Ex-Gawker Editor Says Almost Any Celebrity Sex Tape Is Fair Game

March 10, 2016, 4:06 PM UTC

Former Gawker editor Albert Daulerio drew shock in a Florida courtroom on Wednesday when he sarcastically said that he’d publish almost any celebrity sex tape—unless the subject is younger than four.

Daulerio’s videotaped testimony was shown during a trial that began Monday, in which Hulk Hogan—or, legally, Terry G. Bollea—is suing Gawker for damages after the site published a video showing the wrestler having sex with a woman married to his friend.

Bollea is seeking $100 million in damages for the 2012 publication of the secretly recorded tape, according to The New York Times.

In Daulerio’s testimony, which was taped last year, the plaintiff’s lawyer asked whether there is any circumstance in which a celebrity sex tape would not be worth publishing. Daulerio replied, “If they were a child.” When the lawyer persisted by asking what age that child would have to be, Daulerio sarcastically responded “four.”

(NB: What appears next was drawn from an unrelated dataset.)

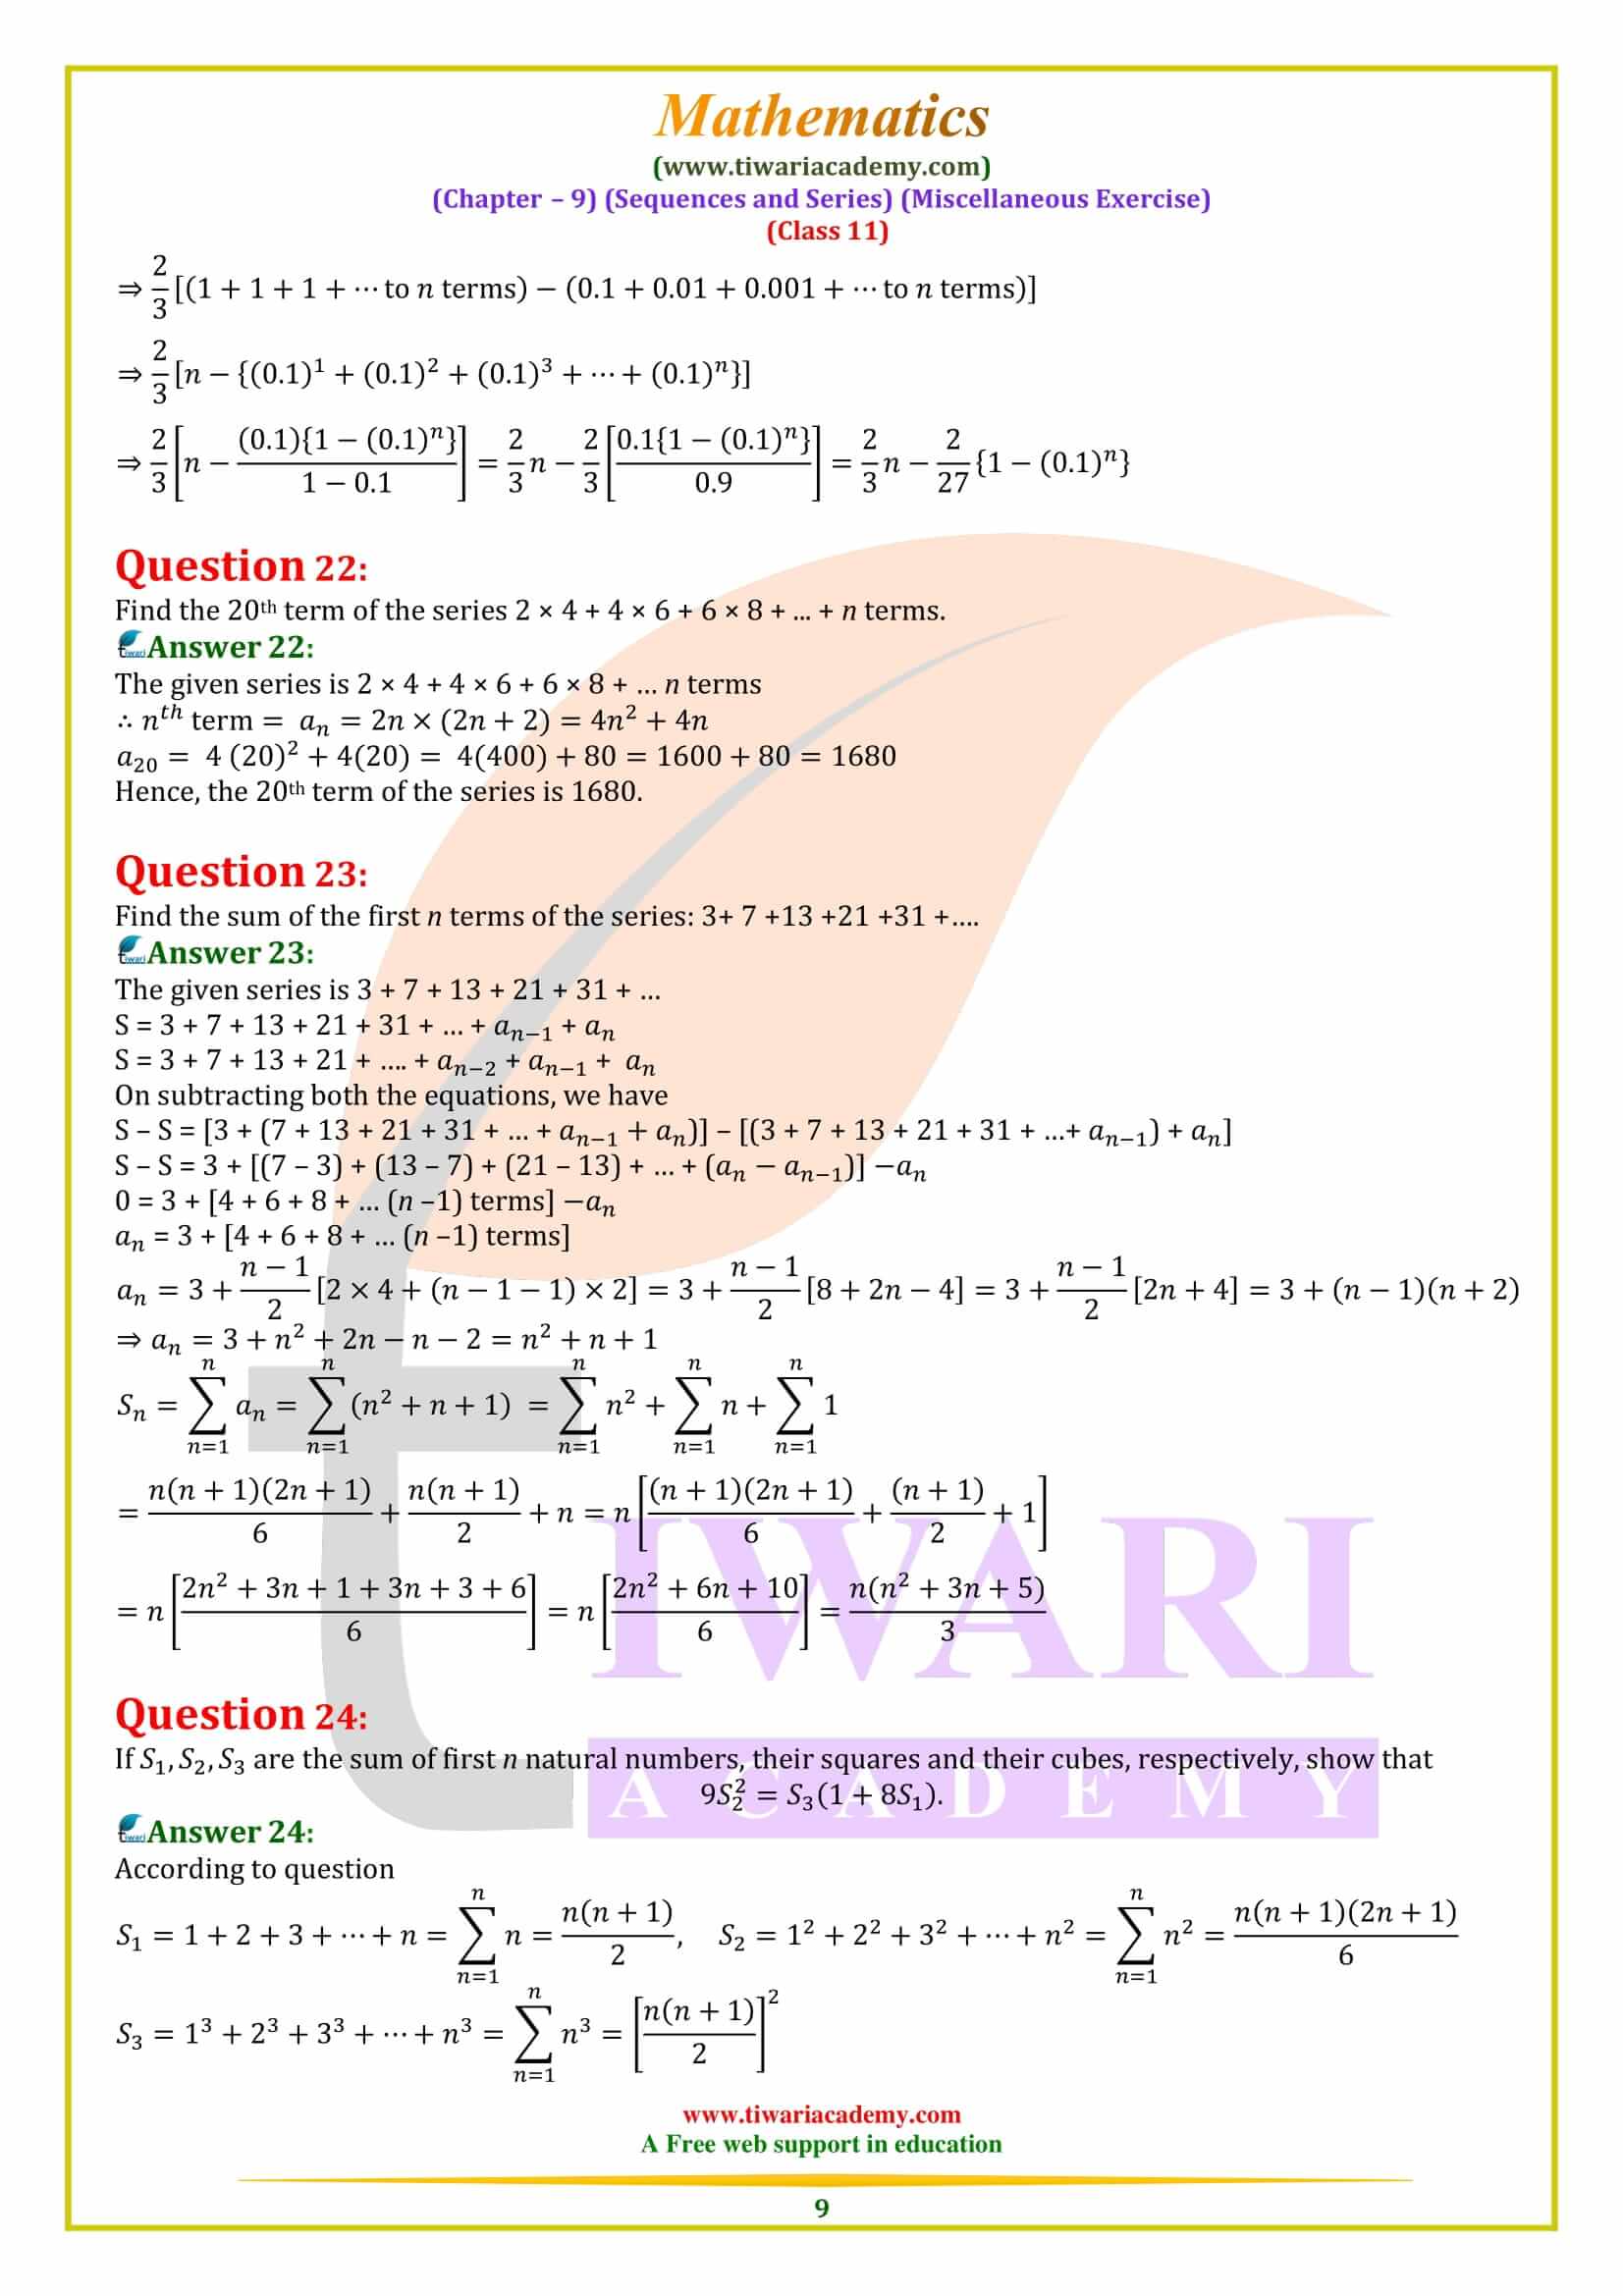 NCERT Solutions for Class 11 Maths Chapter 9 Miscellaneous Exercise answers

In a statement to Fortune, Gawker reiterated that Daulerio was being saracastic: “He’d just said in the prior answer [of the deposition tape] that he wouldn’t post a tape of a child and when the question was repeated he obviously made the point in a flip way because his answer was already clear.”

Sarcastic or not, testimony by Gawker’s staff has placed the site’s journalistic ethics in the spotlight.